ABSTRACT

Britain’s experiment with republican government ended in 1660 with the demise of the Commonwealth and the restoration of the Stuart dynasty. With the restoration of the monarchy came a return of episcopacy and the end of Puritan rule. The freedom enjoyed by Presbyterians and Congregationalists came to an end, as they moved from rulers to Dissenters. Although some among the ranks of the Presbyterians, such as John Tillotson, were able to make the change to episcopalianism, many were left in religious exile. England and Wales returned, at least on the surface, to its previous state as an Anglican regime. As Geoffrey Holmes claims of the restored Church:

It was a Church to which the allegiance of all the King’s English and Welsh subjects was legally bound by a state-imposed policy of uniformity. It had episcopally ordained ministers and a traditional system of ecclesiastical government and discipline.

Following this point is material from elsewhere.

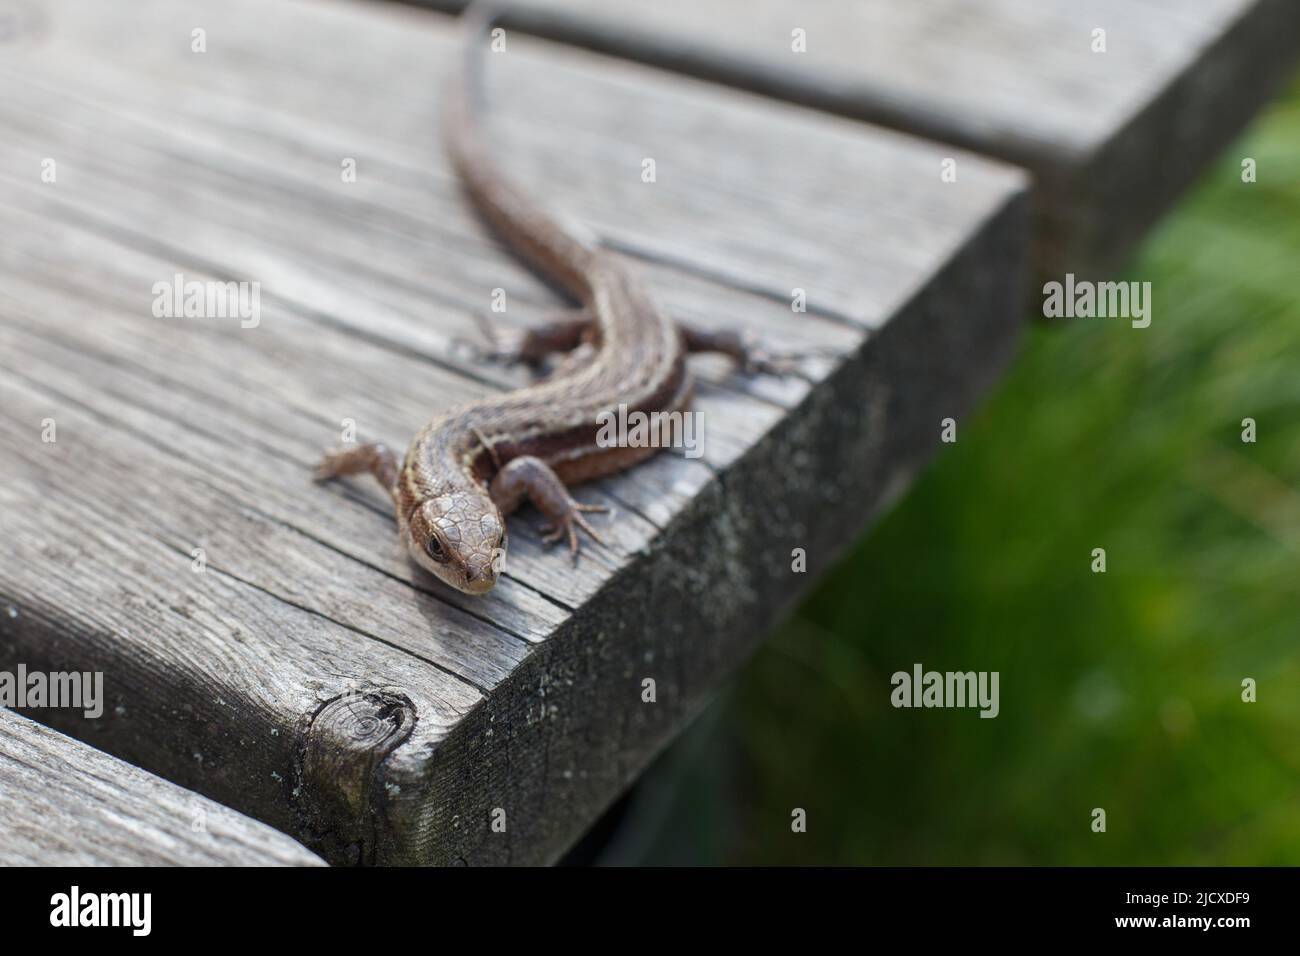 a brown lizard on a wooden board in summer garden on a green grass background Stock Photo

It was furnished with a Prayer Book in obvious line of descent from that of Cranmer and Parker, with church courts, and with most of the other external trappings of the Church of 1641.1

On the surface, the nation had returned to the way things had been before the Puritan revolution but, for many, going back was not possible, and so Protestant Dissent and Nonconformity joined with Catholic recusancy as a potent force beneath the surface of society. Suppression and oppression helped solidify this movement, some of which moved in theologically heterodox directions, although at least early on most Protestant Dissent remained orthodox.2 Thus, the old regime may have been restored, but the religious and political dynamics of Britain were transformed.